Há línguas, além disso, que fazem uso de um acento dito tonal, ou musical. As mais famosas delas são as sino-tibetanas.
Nelas, as sílabas se diferenciam por serem mais altas ou mais baixas, melodicamente. Algumas delas tem duas, outras quatro alturas musicais padronizadas (também relacionais, não absolutas). E daí pra mais.
Essas línguas podem ter tons planos e tons de contorno, que se distinguem por cantar a sílaba em uma nota só ou, começando em uma, atingir outra, ou outras, pré-determinadas.
É por isso que o Mandarim, falado na china, pode contar quatro significados diferentes para a palavra ma, dependendo do tom. E é por isso, por esse tipo de riqueza, que as línguas chinesas podem se dar ao luxo de ser monossilábicas.

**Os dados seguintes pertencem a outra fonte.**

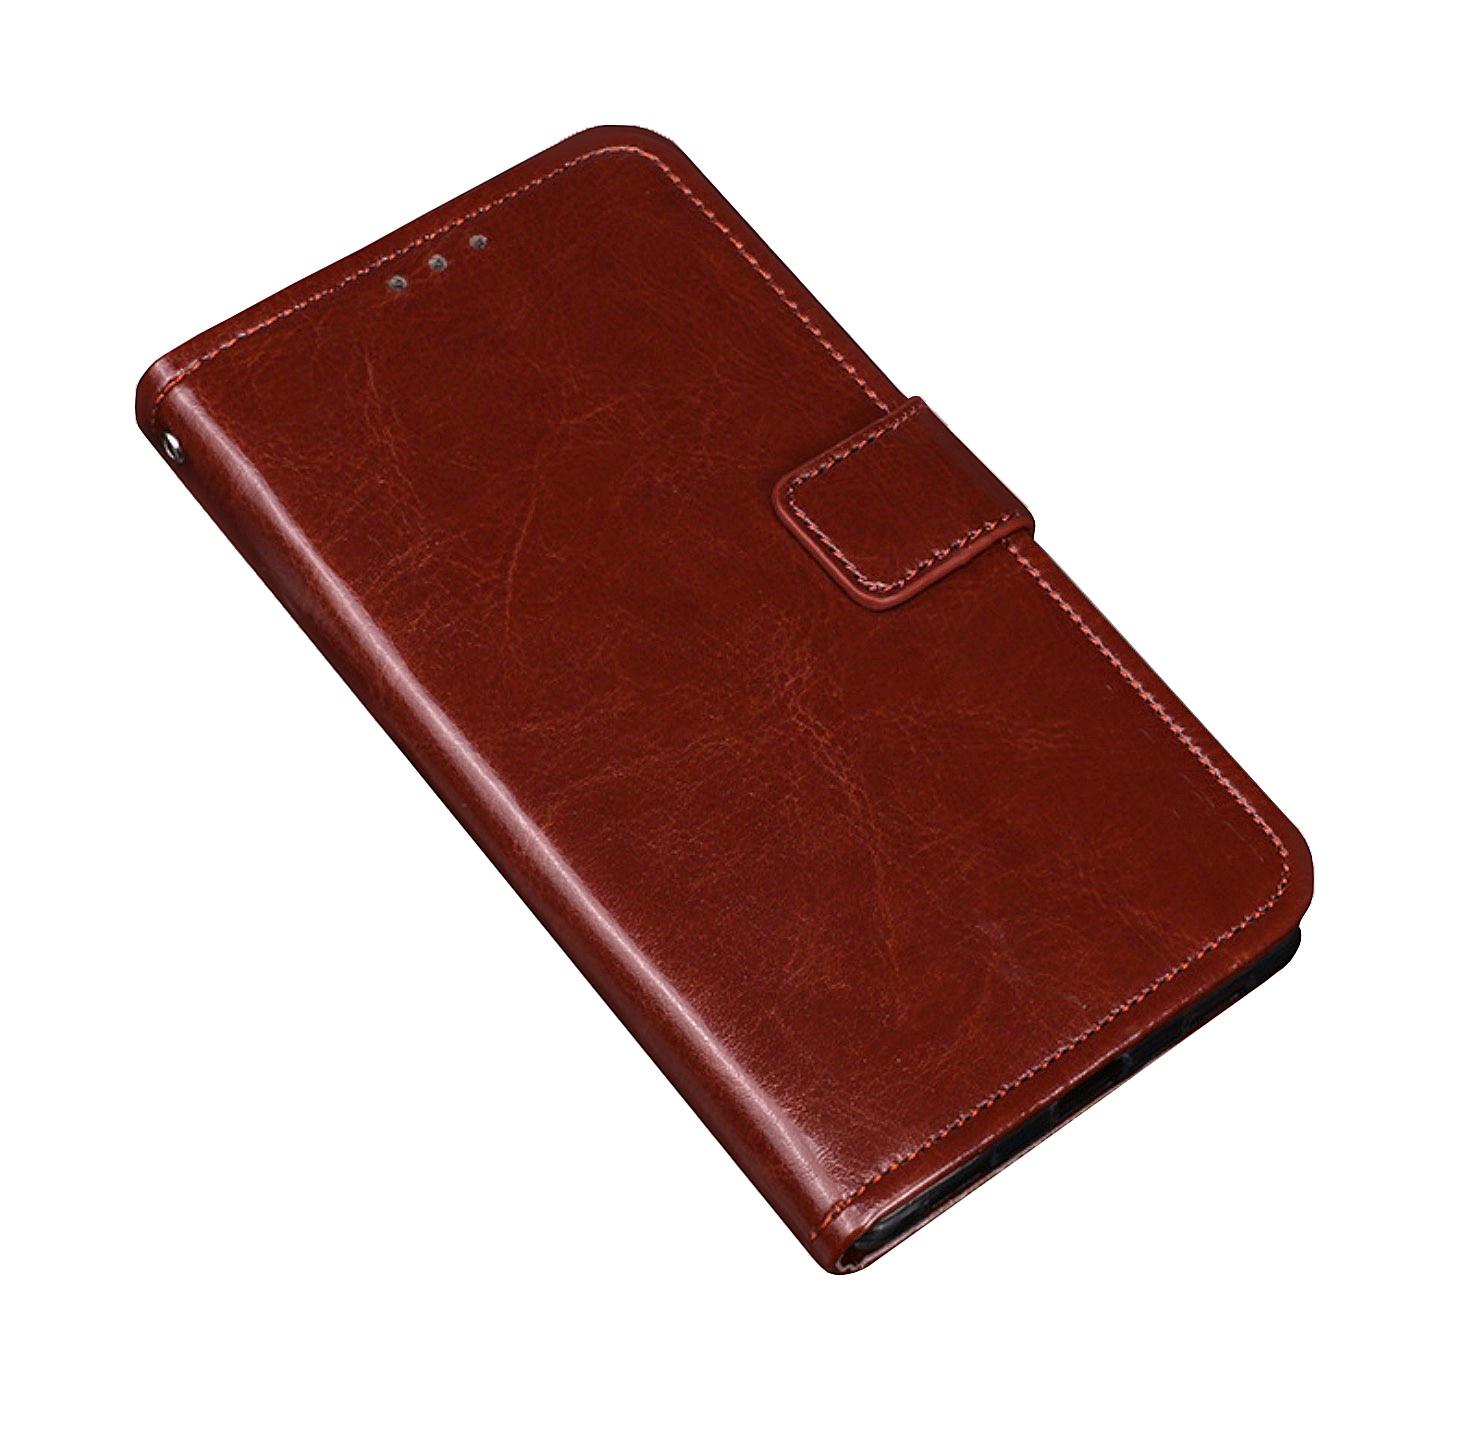 Чехол-книжка MyPads для OPPO A1k / realme C2 2/16GB с мульти-подставкой застёжкой и визитницей коричневый

Ditas assim, as coisas já são múltiplas e complexas. Mas é claro que vai mais longe. Os acentos podem coocorrer; uma língua pode ser quantitativa e intensiva, como o latim tardio ou, segundo me dizem, o húngaro. Pode também ser tonal e quantitativa, como, dessa vez, o latim arcaico, ou certas línguas africanas. Para as línguas que possuem tons de contorno, por exemplo, é muito freqüente a coexistência de um acento quantitativo, que recaia na mesma sílaba, até pra dar tempo de fazer a acrobacia musical.

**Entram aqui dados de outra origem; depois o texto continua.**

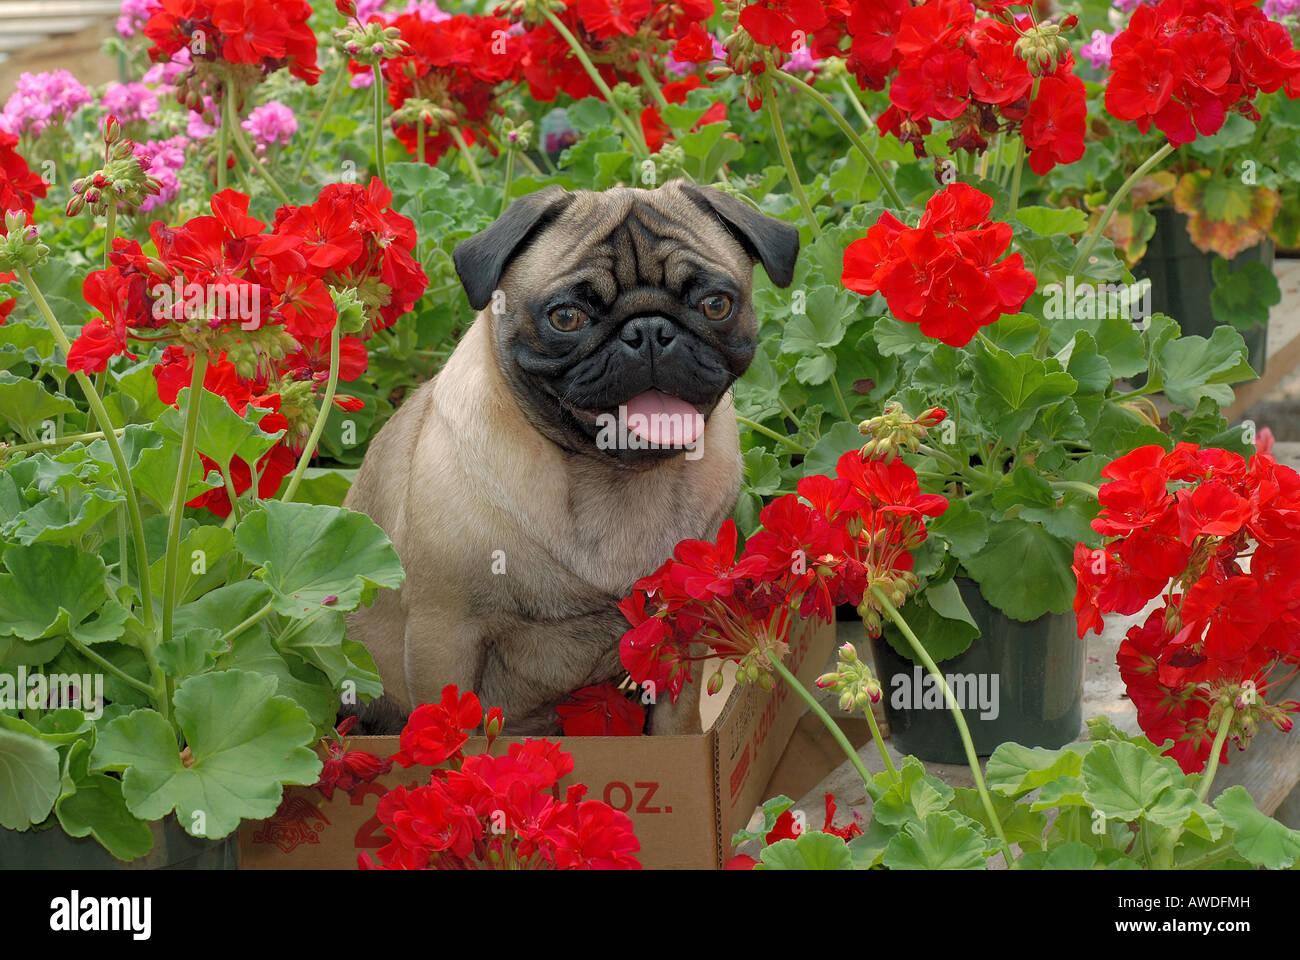 Pug dog in garden - Stock Image

Mesmo nos casos acima, a acentuação também pode ser fonética, ou seja, pode não alterar o significado central da palavra. Assim, podemos variar a duração e a melodia de uma vogal em português com fins expressivos, fazendo com que, novamente, coincidam os acentos. Assim como tendemos, num fato também fonético, a pronunciar mais longas as sílabas tônicas; a dita quantidade românica.

Há, também, minúcias escondidas. Pois o português, por exemplo, só pode ter um acento por palavra, enquanto o latim tinha quantidades especificadas para todas as vogais da palavra. Em contrapartida, o português convive com sub-acentos, sílabas intermediárias entre as fortes e as fracas, como o fé de cafezinho que, até 1971, levavam inclusive acento gráfico, escrevendo-se cafèzinho.

Em suma,
já deu vontade de estudar letras?
Ou, se você é aluno, deu vontade de largar o curso?

Eu acho isso tudo sobejamente interessante!

Caetano Waldrigues Galindo, 28, é pai da Biba.